Monday, August 29, 2005

The Creature

This is an article about my favorite book. There is still hope for the future.

"Once upon a time, not so long ago, either, people who had read the book greeted each other as if they were members of a secret society; they talked about it in hushed, reverent whispers, recited passages verbatim and highlighted pages as feverishly as if they scheduled to receive a midterm exam on its contents. If you were considered truly worthy, you might invited up the bedroom to flip through its pages after the dog-eared copy had been reverently retrieved it from its hiding place. People I know really did treat it as a kind of religious object, looked on its pages as if they were almost scriptural, a holy text. "Creature From Jekyll Island" was - especially in the early 1990s, when it was becoming popular among a certain excitable group - essential "secret" knowledge, an immense and scholarly effort pinning down exactly how and where America had been stripped of free-market money, its silver and gold, and made to substitute public scrip which then proceeded to lose 99 percent of its value to inflation in less than 100 years.

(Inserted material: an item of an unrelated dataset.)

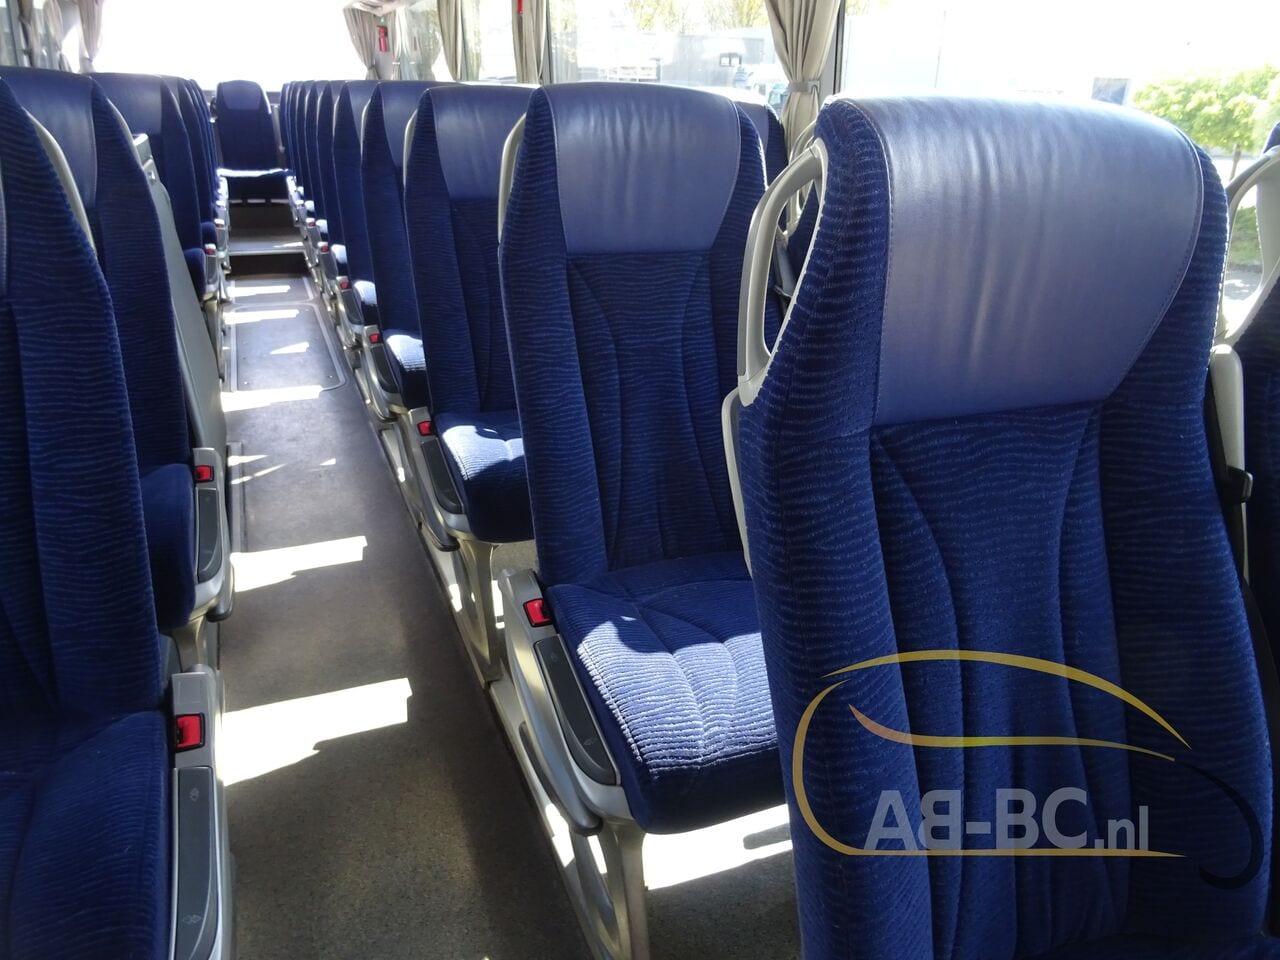 coach-busSETRA-S415-GT-HD-FINAL-EDITION-51-SEATS-LIFTBUS---1620382063270359930_big_b60d8e5668265cd6ba62ee8ccf8fdd9f--21050713010665719300

Creature From Jekyll Island, the single best primer when it comes to describing the cause and effect of 20th century money power, a brilliantly insightful text that shows conclusively, without rancor and with a wealth of footnoted details, how America's wealthiest bankers and financiers came to control the country's printing presses, then its internal governmental policies and finally its external policies as well.

Creature From Jekyll Island. A kind of monetary "suitcase nuclear device" - and one of the most intelligent books ever written - blowing up the pretensions of the banking class, vaporizing the justifications of fiat money, turning the polished profiles of 20th century money men into fading shadows etched in faint grains of sand."